Dietro la realizzazione della mostra c’è un lavoro di sinergia fra la Fondazione Sciascia, di cui è vice presidente Aldo Scimè, e la Casa editrice Laterza, oltre al coinvolgimento di un gruppo di ragazzi di Racalmuto. Fra gli sponsor anche il Trame festival di cui è direttore artistico Gaetano Savatteri.
Determinante, però, per realizzare la tre giorni di iniziative culturali il contributo economico dell’Italkali.
L’intera comunità di Racalmuto, con in testa il sindaco Emilio Messana, sarà protagonista della Festa della cultura, che si svolgerà da venerdì 27 a domenica 29 maggio, nei luoghi cari a Sciascia.
Ad aprire il calendario degli appuntamenti Moni Ovadia che venerdì leggerà alcuni passi agli alunni dell’istituto comprensivo Generale Macaluso di Racalmuto.
Sabato, alle 18, nella sede della Fondazione, dopo il saluto di Emilio Messana,  presidente della Fondazione Sciascia, nonché sindaco di Racalmuto,  si terrà il convegno dal titolo “Caro Vito, caro Leonardo…”. All’incontro interverranno: Felice Cavallaro, Giuseppe Laterza, Salvatore Silvano Nigro. Coordinerà lo scrittore e giornalista Gaetano Savatteri. E’ prevista la partecipazione del sottosegretario di Stato del ministero dell’Istruzione, dell’Università e della Ricerca: Davide Faraone. In sala sarà presente anche Anna Maria Sciascia, una delle figlie dello scrittore.

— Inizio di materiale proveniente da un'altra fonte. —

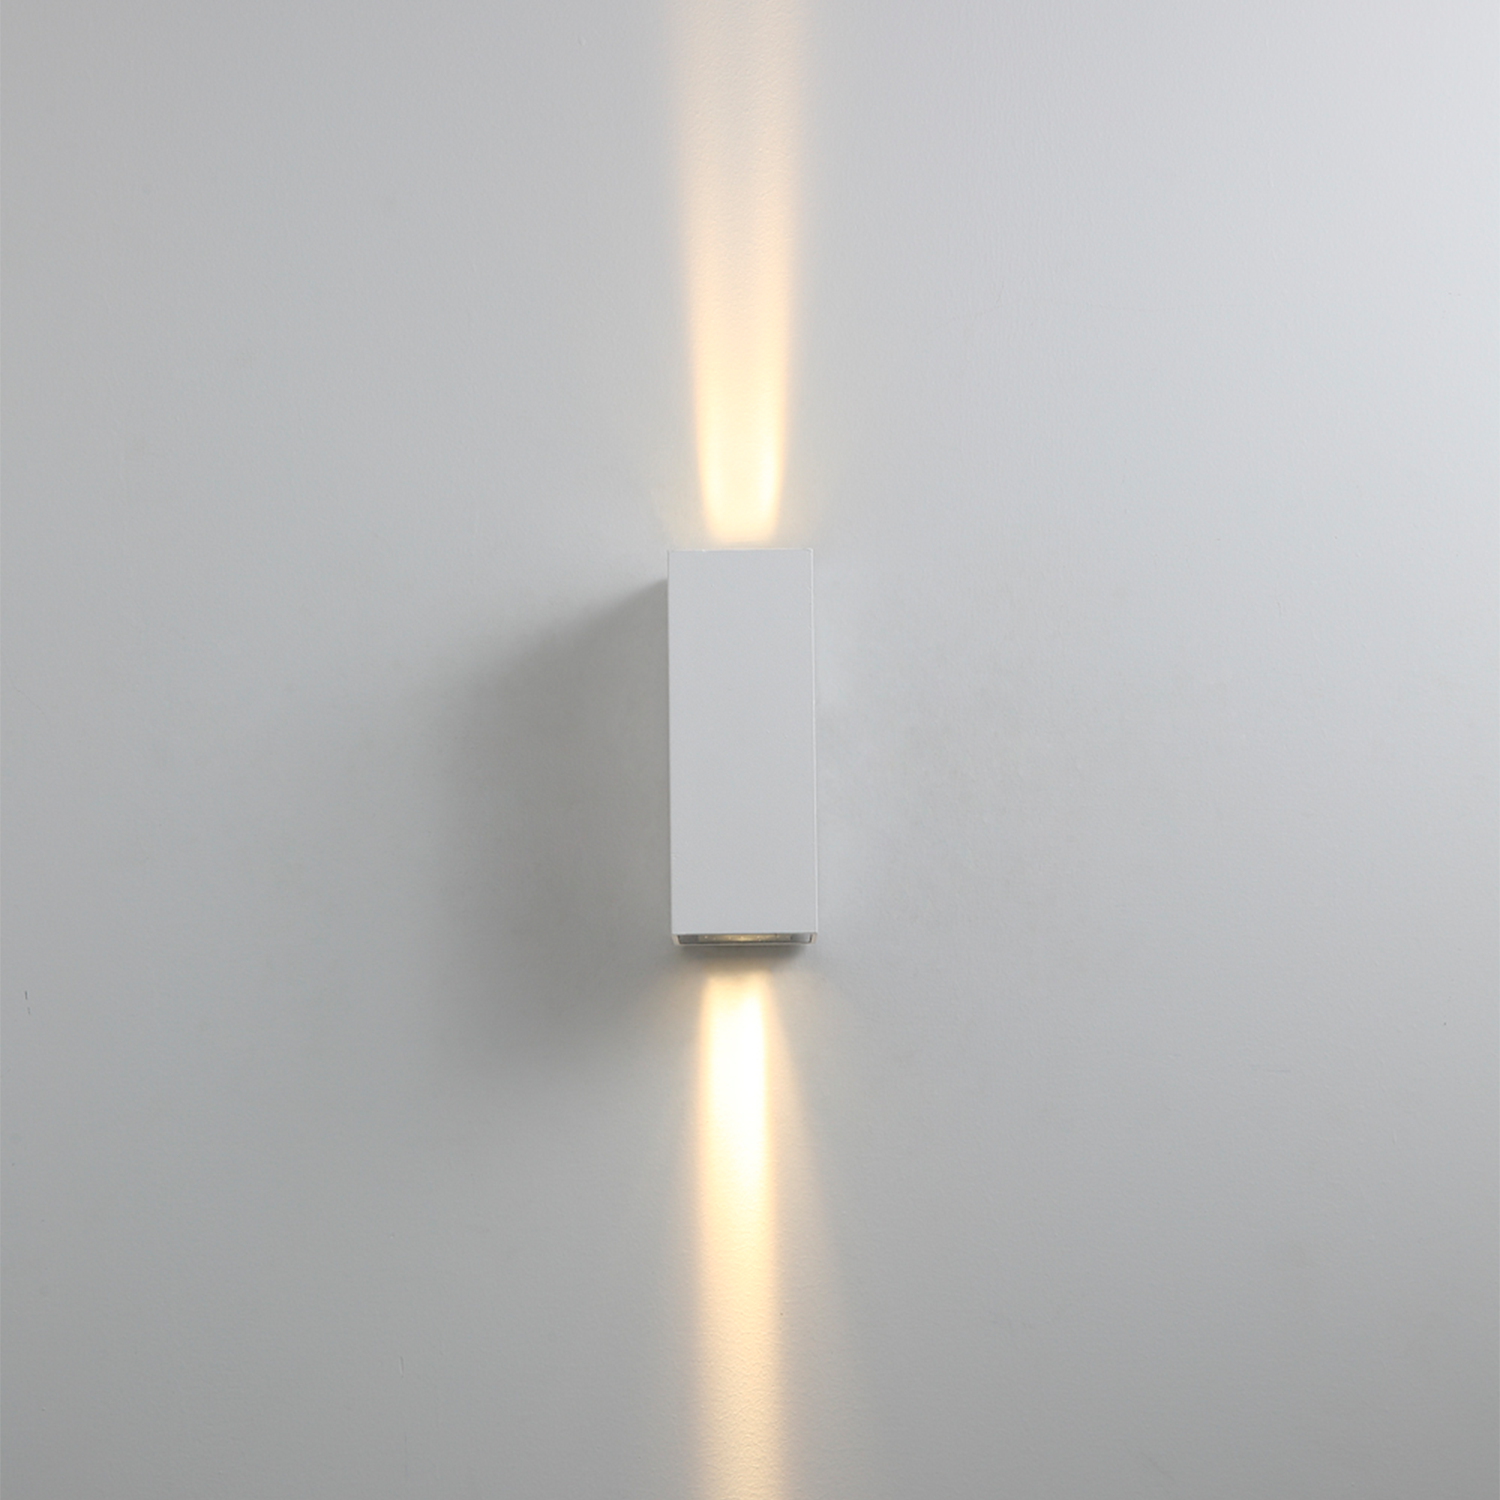 Luminaria LED arbotante para sobreponer en muro, Modelo ML-7305 The Collection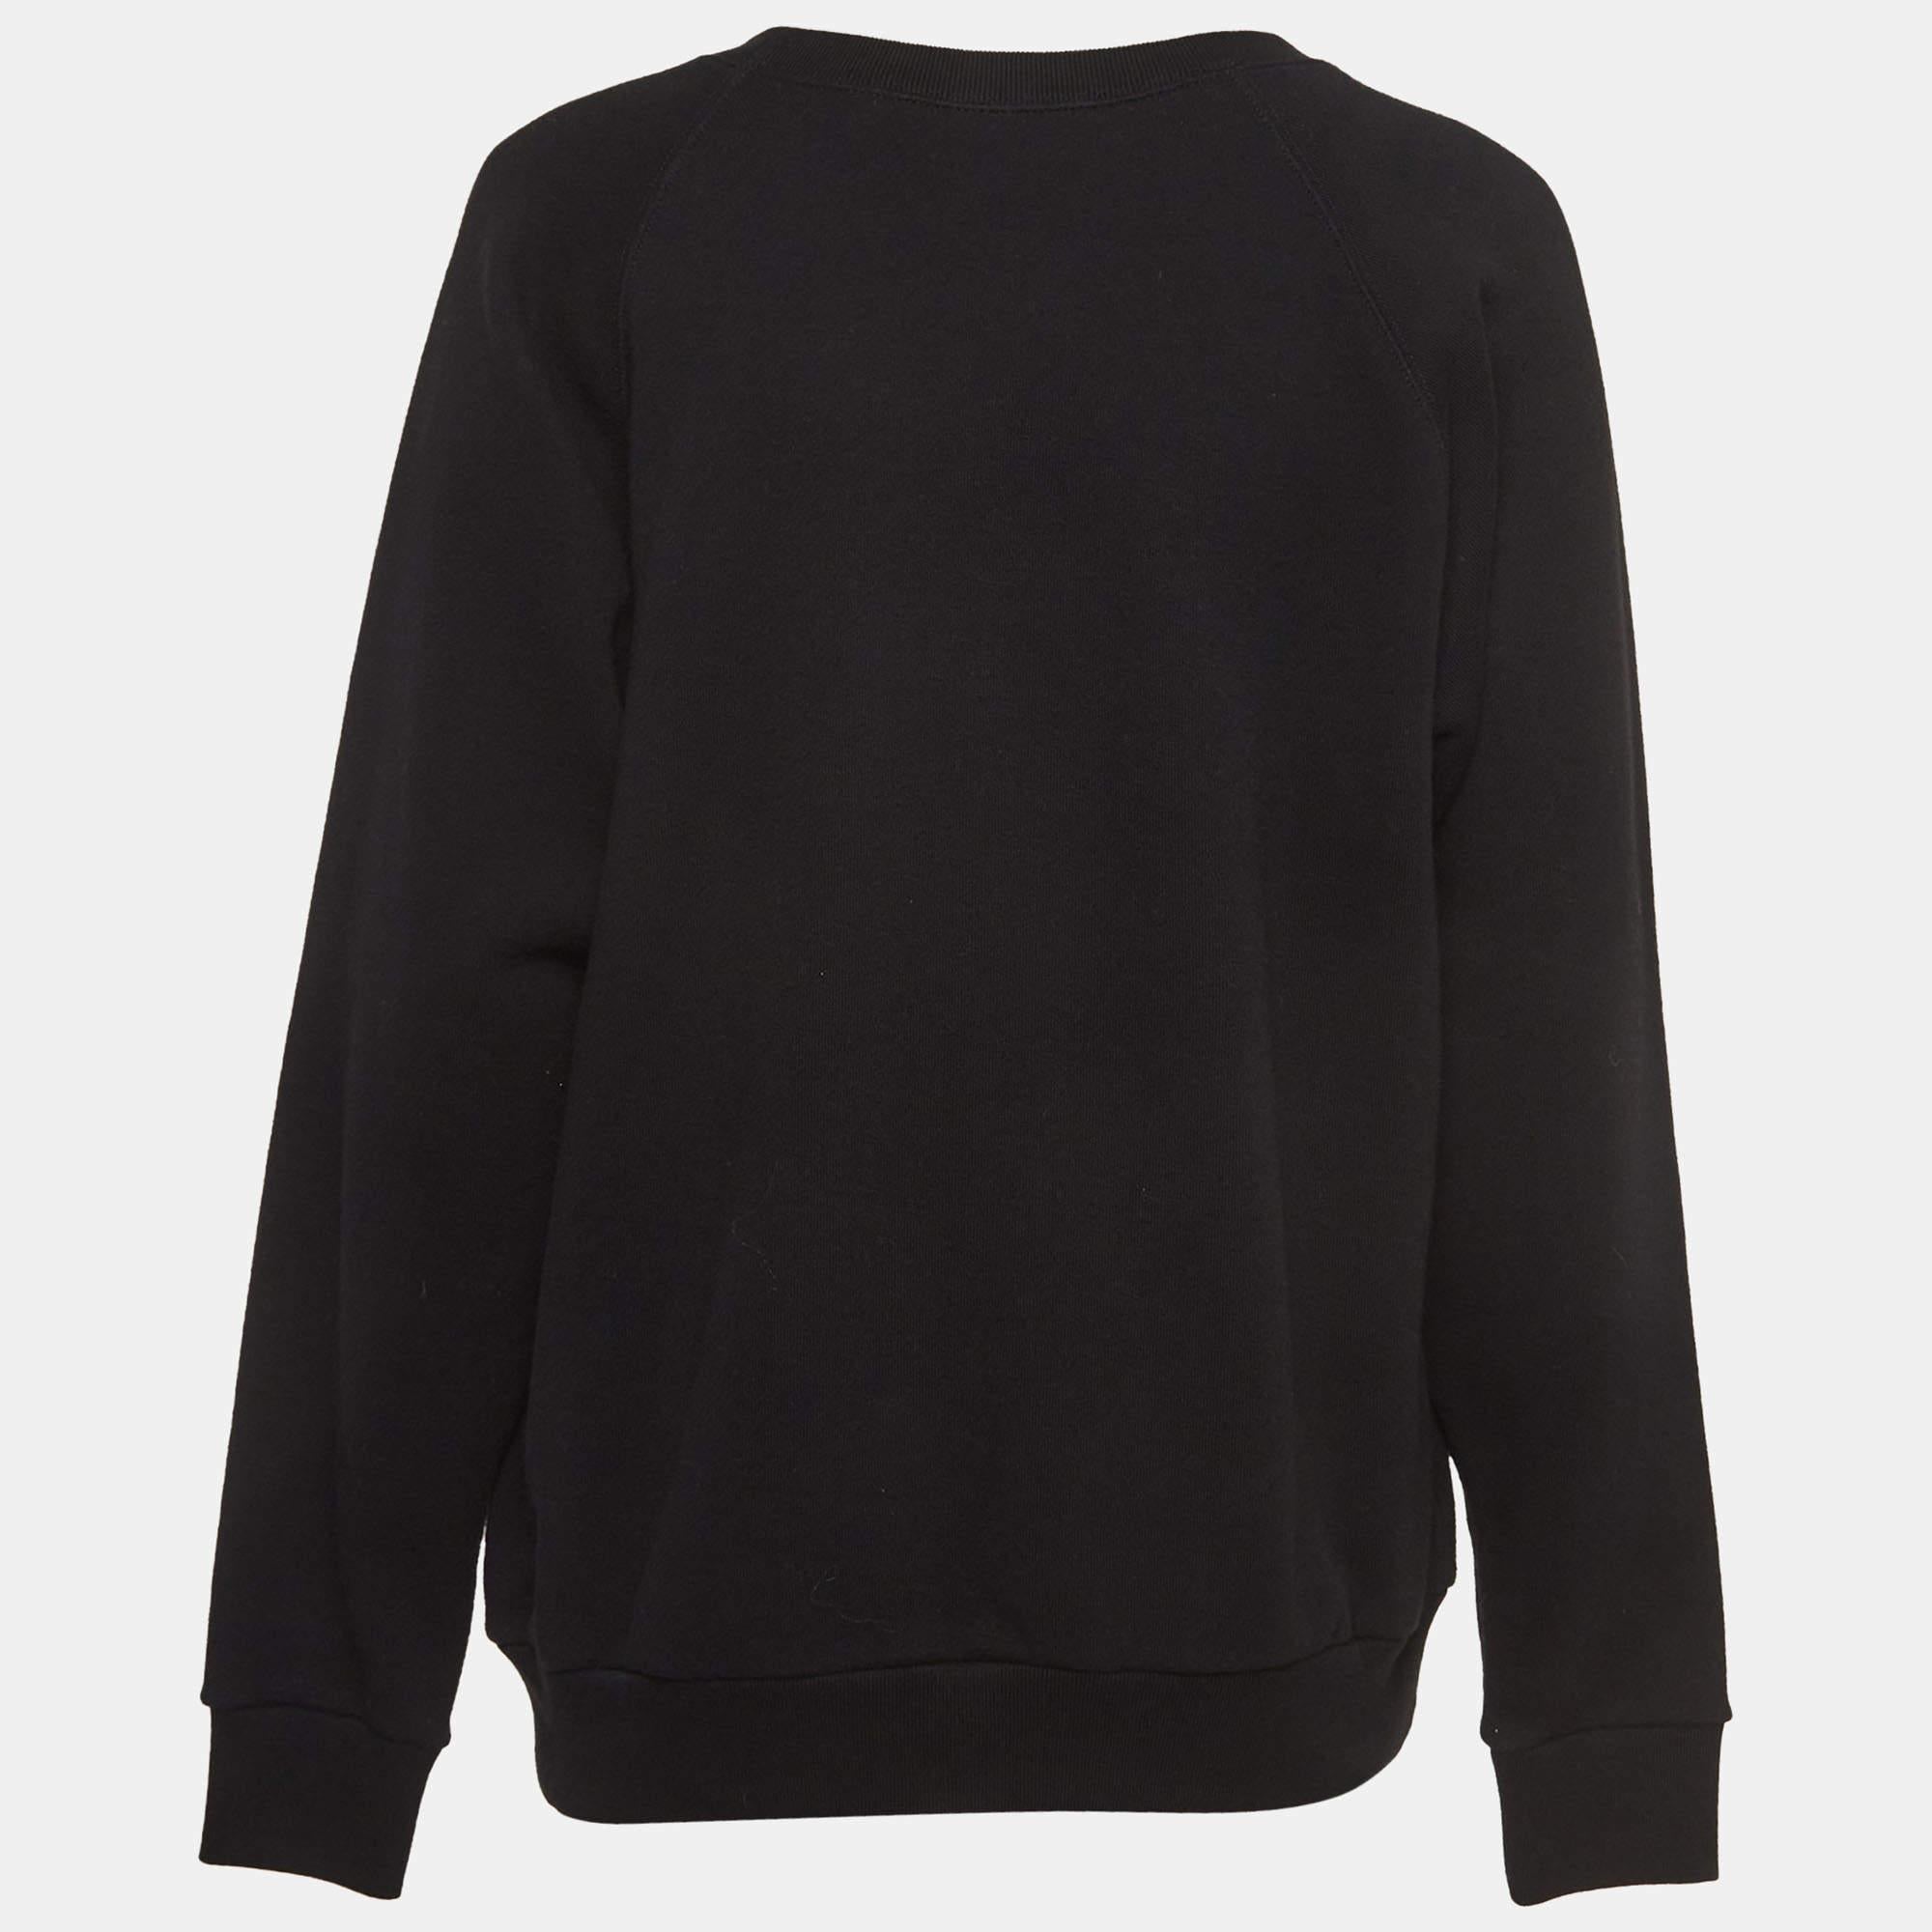 Mit diesem schicken Sweatshirt von Gucci erleben Sie Komfort und Stil ohne Ende. Dieses Sweatshirt wurde aus einem hochwertigen Stoff gefertigt, der für ein angenehmes Tragegefühl sorgt.

Domenica 29, a partire dalle 10, “Racalmuto legge Le parrocchie di Regalpetra”.
A chiudere la tre giorni di festa Lello Analfino, David Coco, Francesca Incudine, Moni Ovadia, Kaballà.
De Le Parrocchie di Regalpetra, Leonardo Sciascia diceva così: “E’ stato detto che nelle Parrocchie di Regalpetra sono contenuti tutti i temi che ho poi, in altri libri, variamente svolto. E l’ho detto anch’io. In questo senso, quel critico che dalle Parrocchie cavò il giudizio che io fossi uno di quegli autori che scrivono un solo libro e poi tacciono (e se tacciono peggio per loro) aveva ragione (ma aveva torto, e sbagliava di grosso, nel non vedere che c’era nel libro un certo retroterra culturale che, anche in mancanza d’altro, sarebbe bastato a farmi scrivere altri libri). Tutti i miei libri in effetti ne fanno uno. Un libro sulla Sicilia che tocca i punti dolenti del passato e del presente e che viene ad articolarsi come la storia di una continua sconfitta della ragione e di coloro che nella sconfitta furono personalmente travolti e annientati. Queste vittime, questi personaggi, sono stati (chi sa perché) scambiati da qualche critico per personaggi “positivi”, di obbedienza, per così dire, stalinista. Errore piuttosto grossolano, direi”.